Let $\{\varphi_k\}_{k=1}^\infty$ be an orthogonal system, and $\{\alpha_k(f)\}$ the Fourier coefficients for a function $f\in L^2([a,b])$. Then the Parseval's identity is given by the formula \begin{equation} |f|_2^2 = \sum_{k=1}^\infty \alpha_k(f)^2|\varphi_k|_2^2, \end{equation} where $|f|_2 = \left(\int_a^bf^2\right)^{1/2}$.

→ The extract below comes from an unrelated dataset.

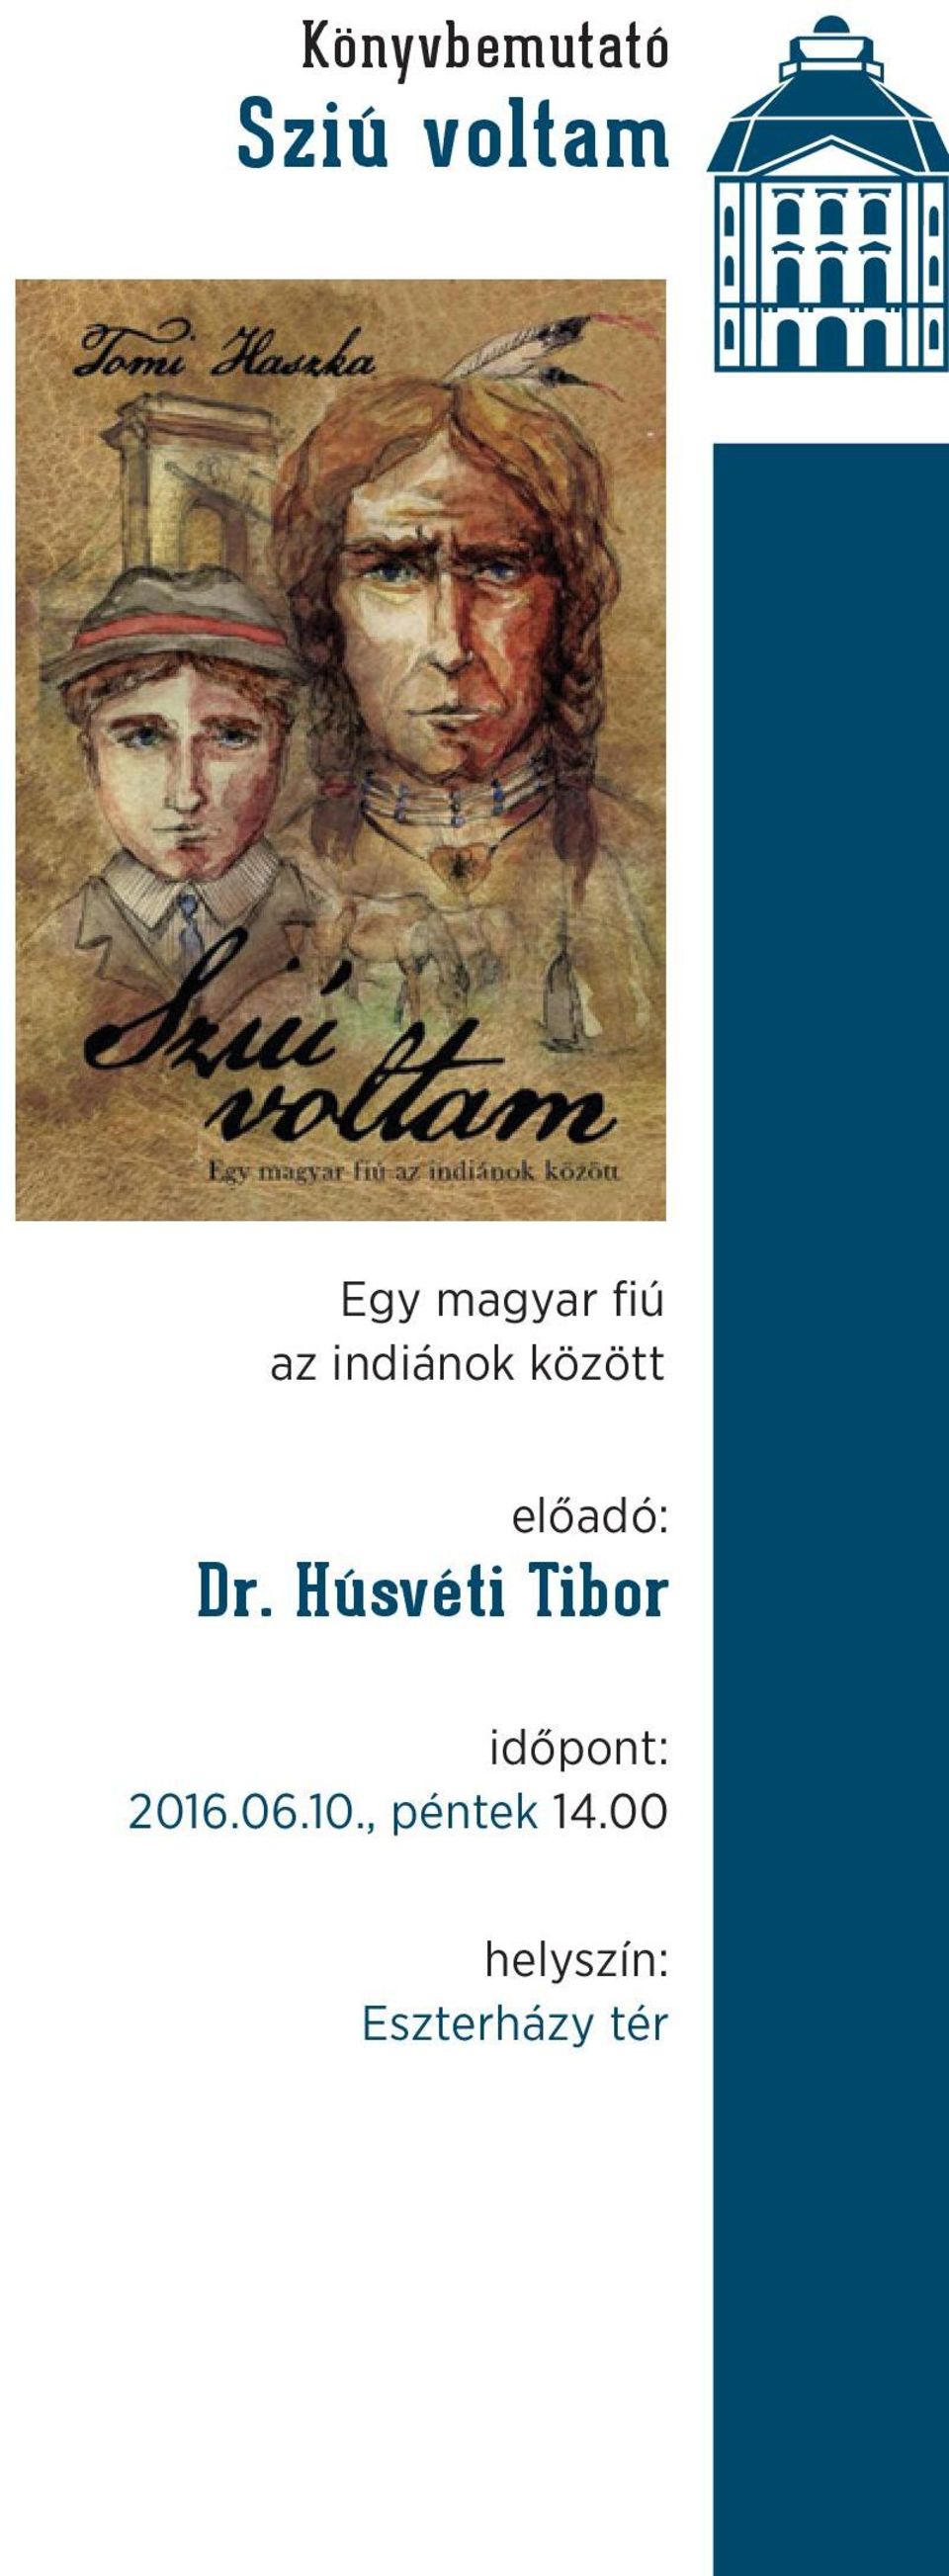 Húsvéti Tibor időpont: 2016.06.10.

I'm computing the complex Fourier series of $f:[-\pi,\pi]\to\Bbb R$, $f(x) = e^x$, and if nothing is wrong the series goes as follows: \begin{equation} f(x)\sim\sum_{k=-\infty}^\infty\frac{(-1)^{k}\sinh(\pi) i}{(i-k)\pi}e^{ikx}. \end{equation} I also computed it in the same restriction with the real trigonometric coefficients, and if I haven't messed up anywhere, this is what I got: \begin{equation} f(x)\sim\frac{\sinh(\pi)}{\pi}+\sum_{k=1}^\infty\left(\frac{2(-1)^k \sinh(\pi)}{(1+k^2)\pi}\cos(kx)-\frac{2(-1)^k k \sinh(\pi)}{(1+k^2)\pi}\sin(kx)\right). \end{equation} I'm trying to see what I can get from the Parseval's identity, but none of the series seem to give me any equality: \begin{equation} \int_{-\pi}^\pi e^{2x}\;dx = \sinh(2\pi),\;\;\int_{-\pi}^\pi e^{2kix}\;dx = 0,\;\;\int_{-\pi}^\pi\;dx = 2\pi,\;\;c_0(f)^2 = \frac{\sinh^2(\pi)}{\pi^2} \end{equation} \begin{equation} \sinh(2\pi) = 2\frac{\sinh^2(\pi)}{\pi}, \end{equation} but these two are not equal. Something similar happens with the other series (I took this one directly from Mathematica, it was too long to write): \begin{equation} \sinh(2\pi) = \sin\frac{\sinh^2 (\pi )}{\pi^2 }+\frac{2 \sinh ^2(\pi ) (\pi \coth (\pi )-1)}{\pi }, \end{equation} which again, the equality doesn't hold.
Did I commit a mistake while writing Parseval's identity with the correspondent variables? Or perhaps the restriction of $e^x$ in the interval $[-\pi,\pi]$ doesn't hold the Parseval's identity (I think it should, since $f\in L^2([-\pi,\pi])$ and the orthogonal systems are complete). Could anyone please help?